◆ WHAT IS REQUIRED:
I'd like the full listing transcribed exactly, with no images included.

◆ INFORMATION SHOWN:
──────────────────────────────

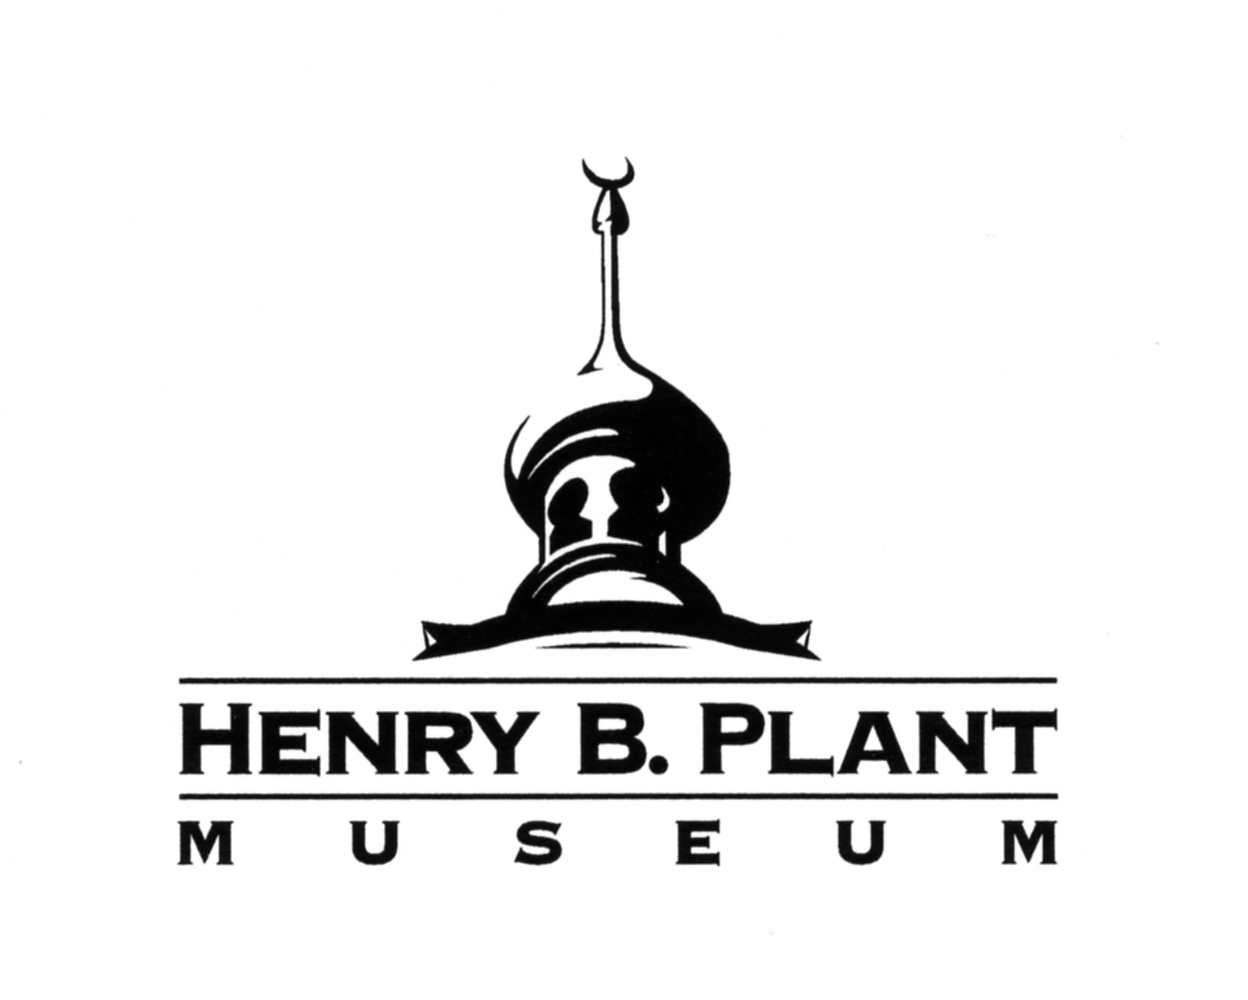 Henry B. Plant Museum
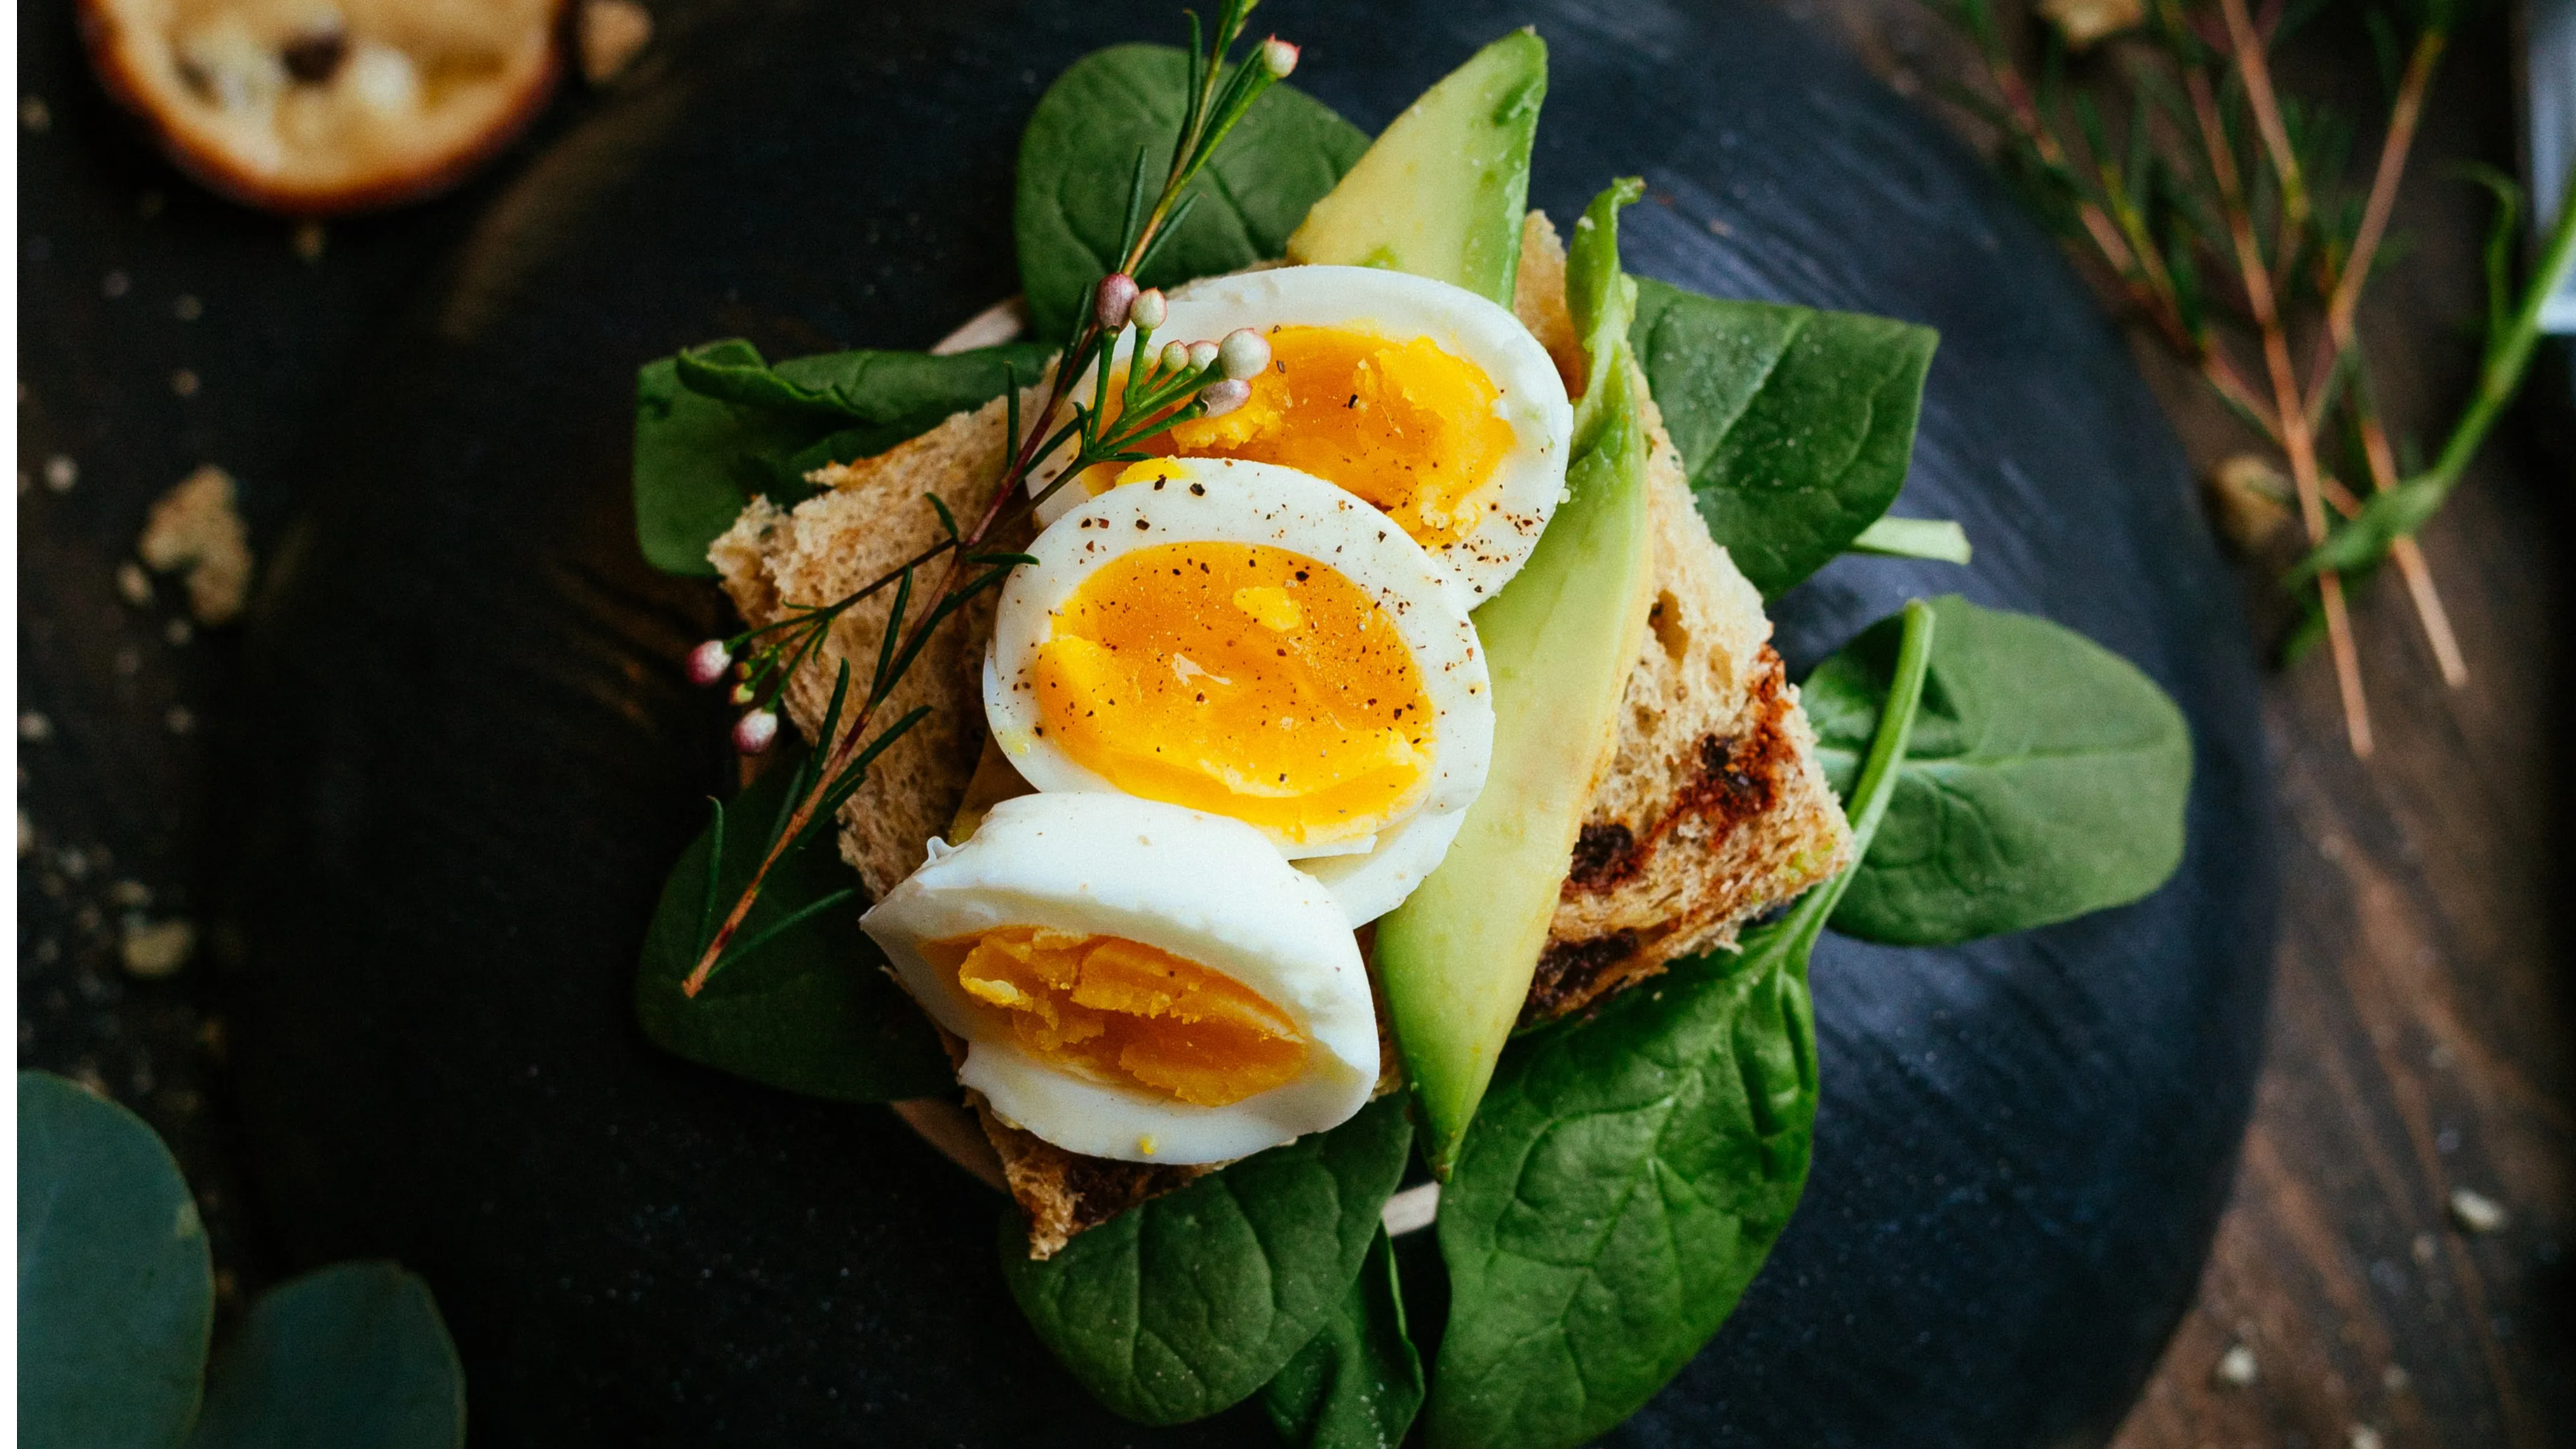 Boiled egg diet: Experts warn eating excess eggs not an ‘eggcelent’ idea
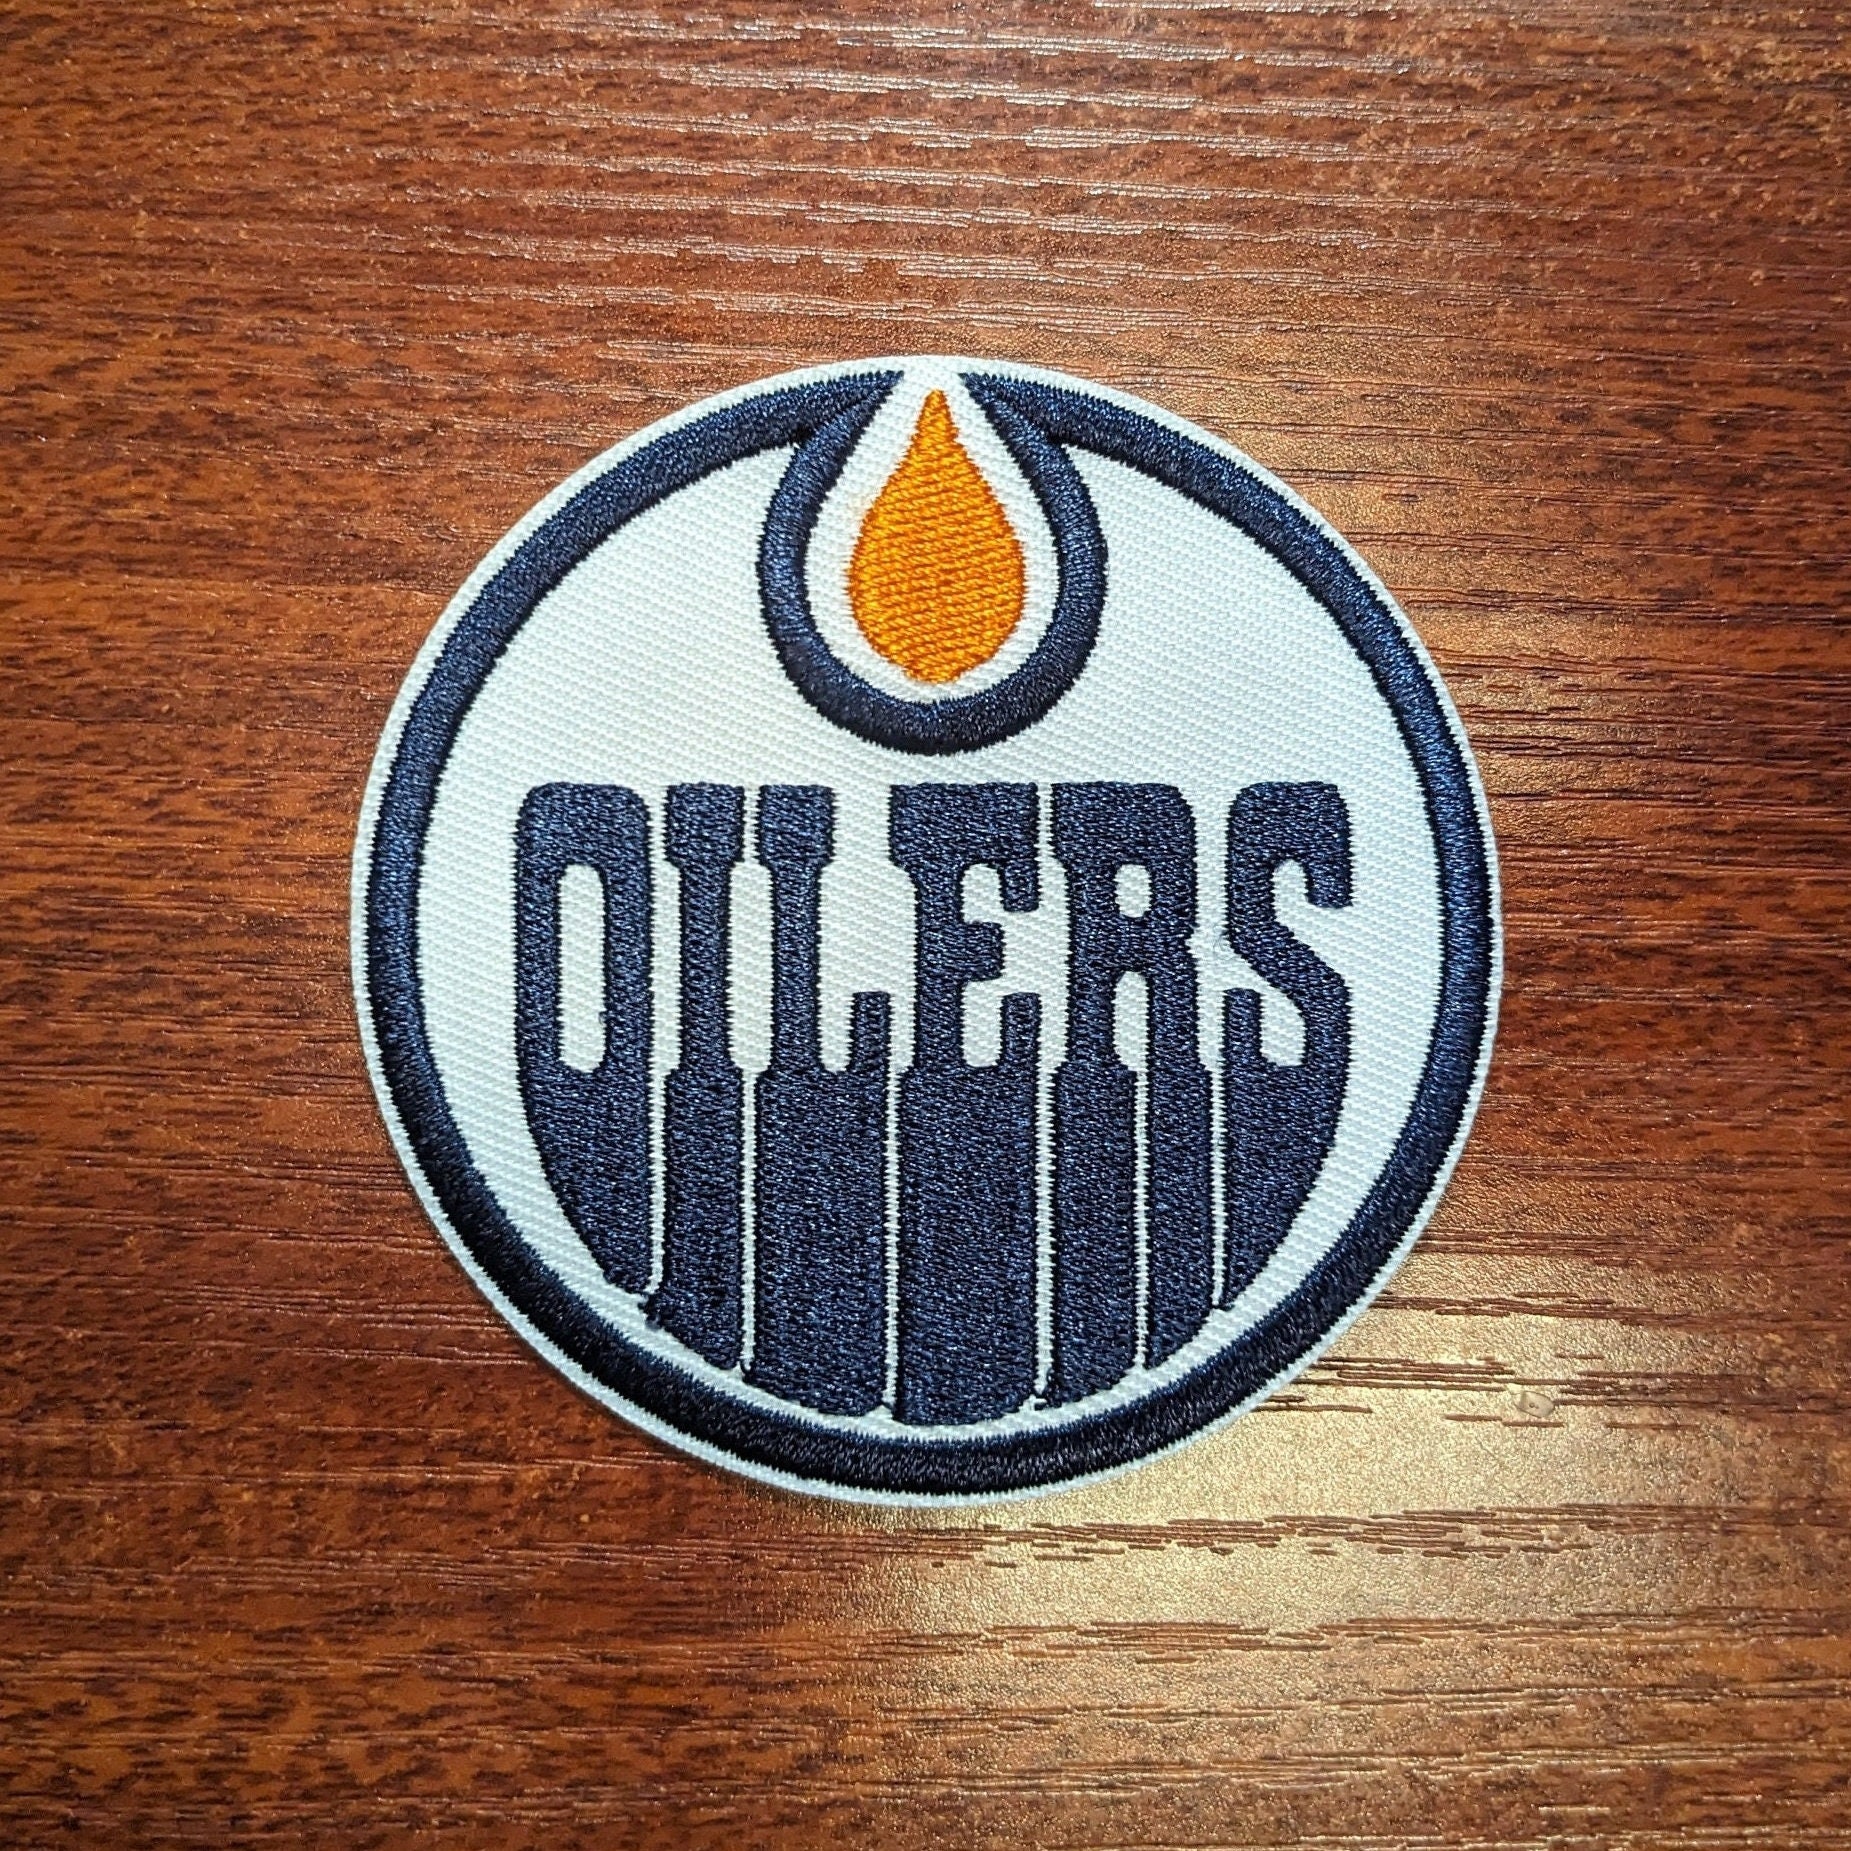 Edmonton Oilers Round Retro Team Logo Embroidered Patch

──────────────────────────────

◆ SOLUTION TO THIS PROBLEM:
 Henry B. Plant Museum
 Boiled egg diet: Experts warn eating excess eggs not an ‘eggcelent’ idea
 Edmonton Oilers Round Retro Team Logo Embroidered Patch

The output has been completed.